Hinata lingered as long as she dared, but her courage waned.

Then, Itachi raised one hand and gripped her wrists, keeping her immobile. She felt him go slack, leaning back into her, acknowledging her. Hinata let out a of sob of relief. Itachi turned in his seat to catch her just as her knees gave out.

They clung to each other like two people drowning.


Months after she had left him at the Hyuuga safe house, Hinata felt his presence when she was vaulting through the forest. It didn't alarm her, as it was the aura of someone politely asking for an audience. As politely as someone who could easily kill her with a glance could be.

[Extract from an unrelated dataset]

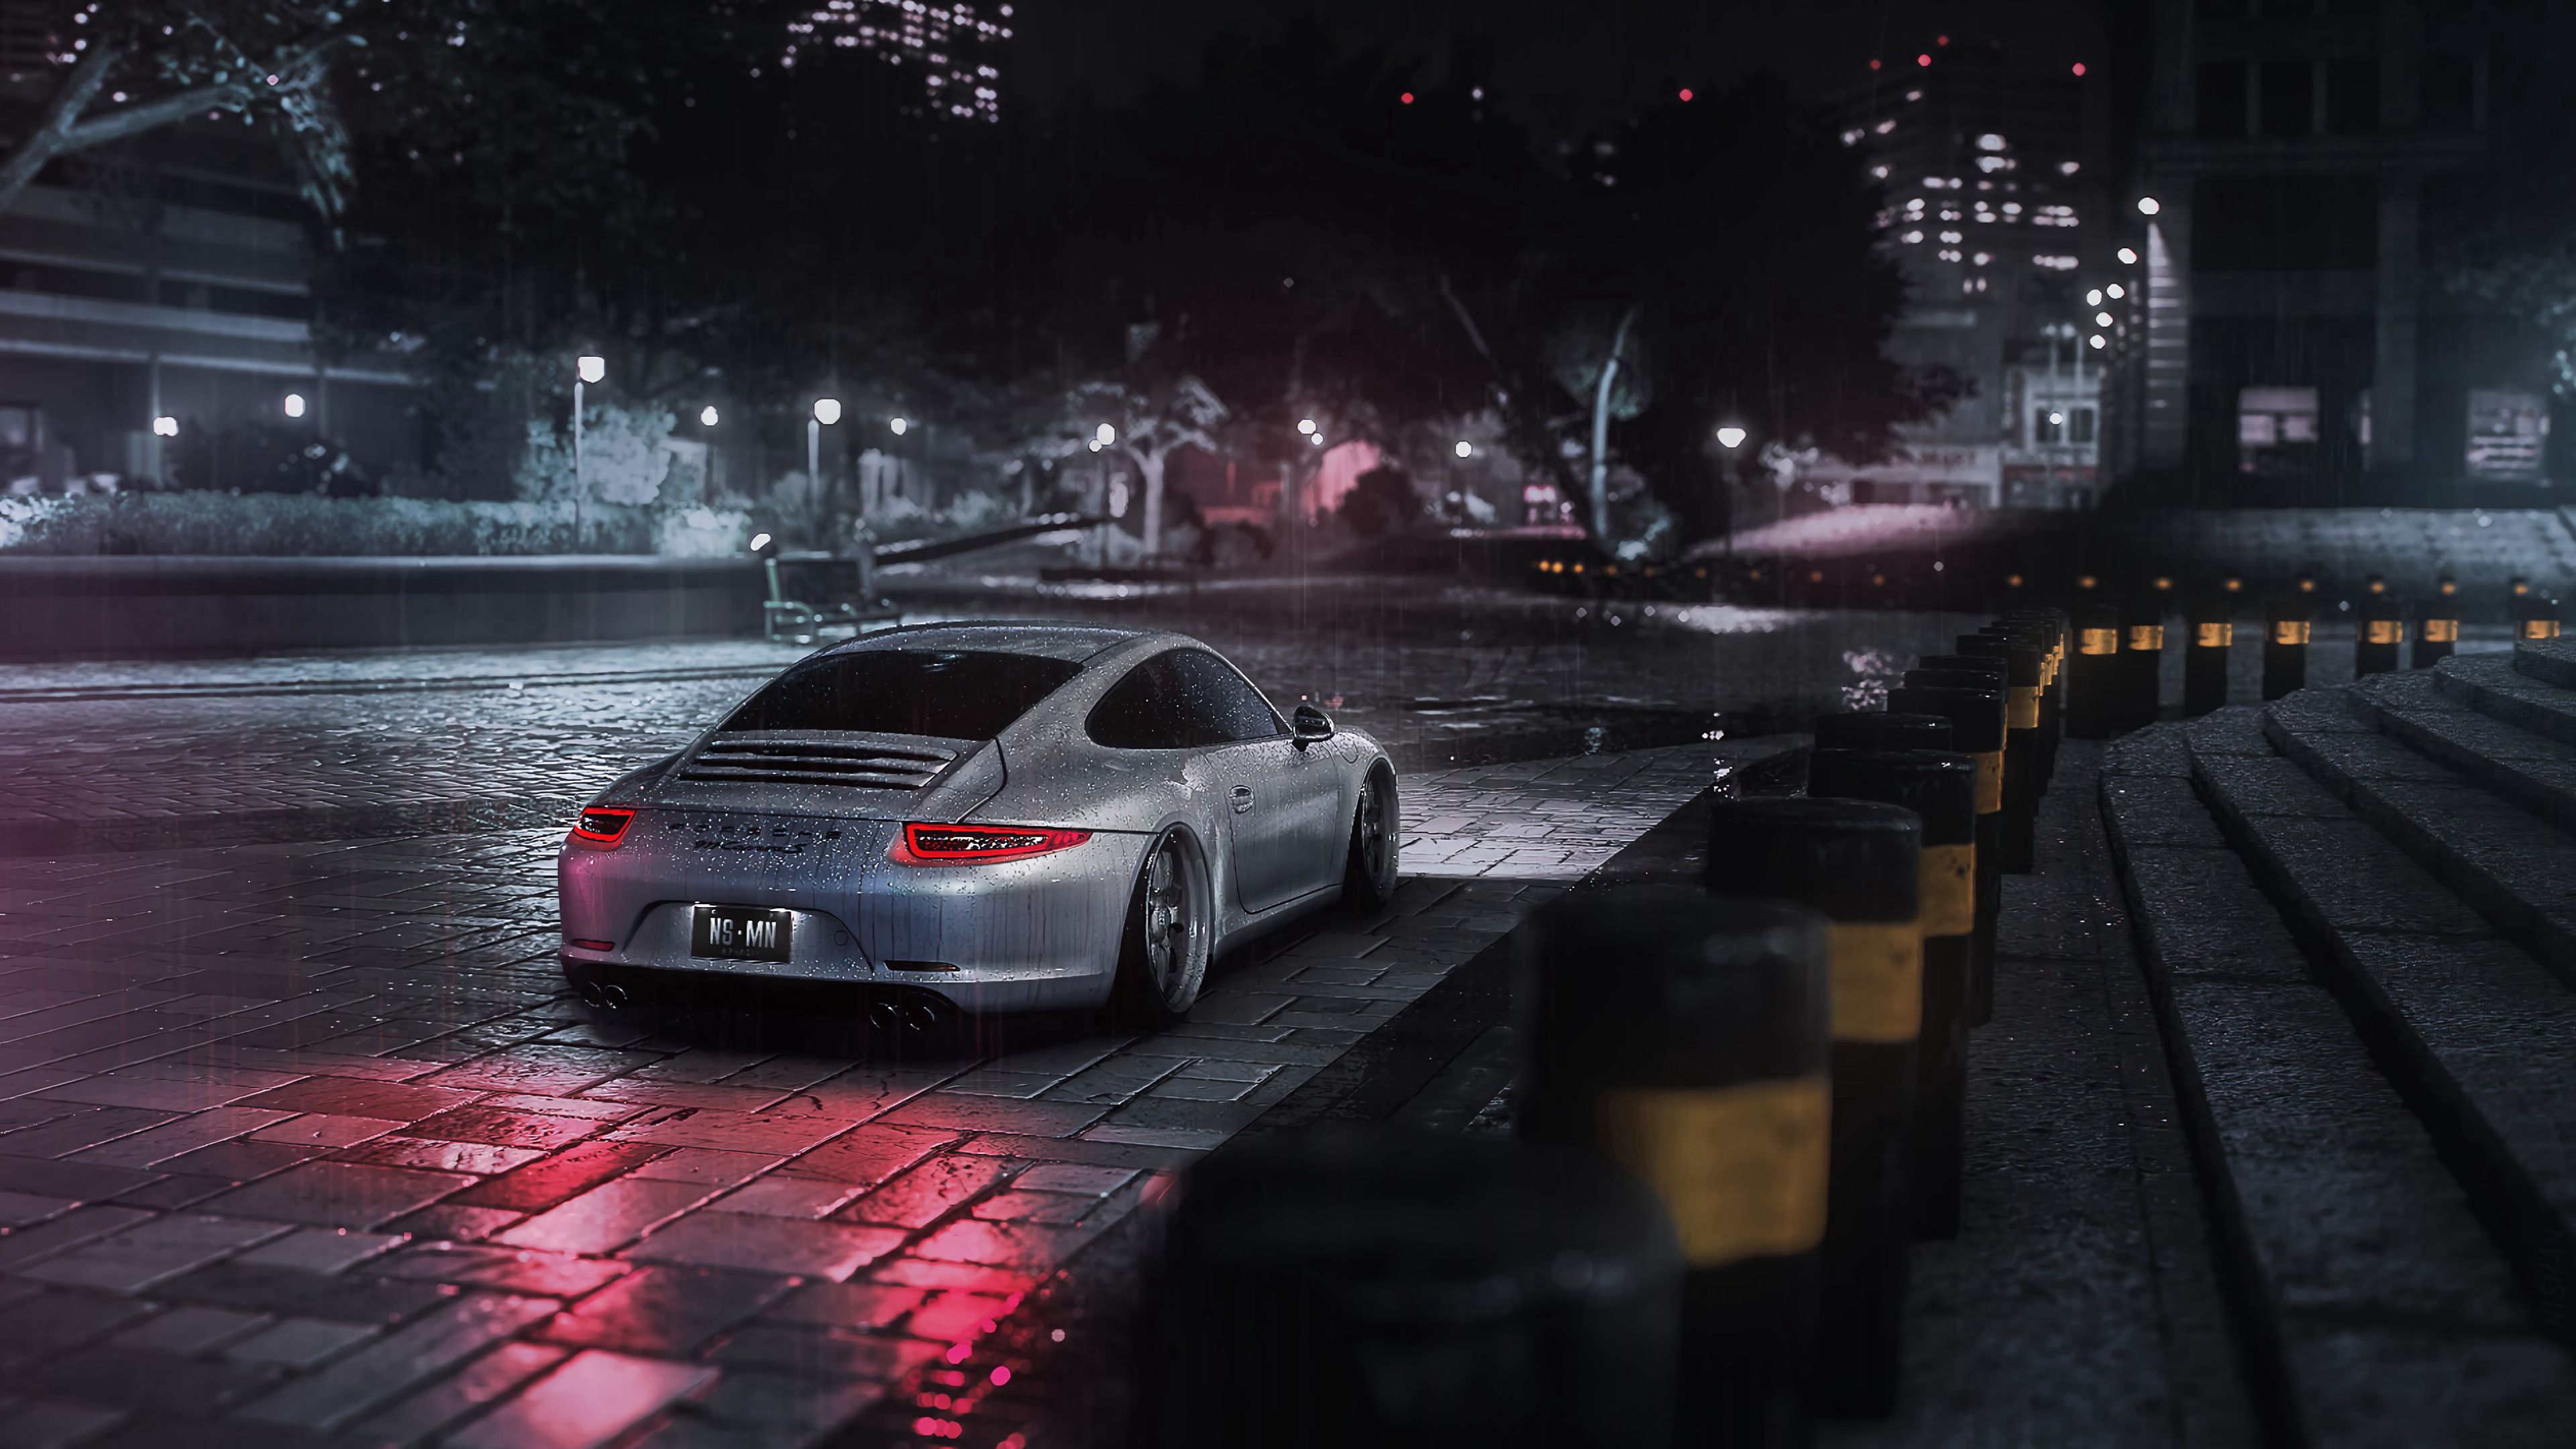 Wallpaper for mobile devices cars, grey, car, night

She landed on a large branch, dark hair fanning around her like ink. She turned, and watched Itachi drop to the same branch as her. They studied each other for a long moment. She hadn't expected to see him ever again, but Hinata was relieved to see that his dark circles had diminished, and his face had filled out slightly with much-needed fat. He looked healthier.

"You kept your promise." Itachi nodded. His eyes flicked over her, taking in the new jounin flak jacket.

"Congratulations, Hinata."

"Flying colors," she said with a faint blush.

"As expected," he said. "Are you returning from a mission right now?"

"Yes, I finished early."

She couldn't tell him that it was a solo A-rank mission for Intelligence, or that it was to investigate the depths to which Uchiha Sasuke had fallen. There was no need to pick at the scars of old wounds. And he probably already knew.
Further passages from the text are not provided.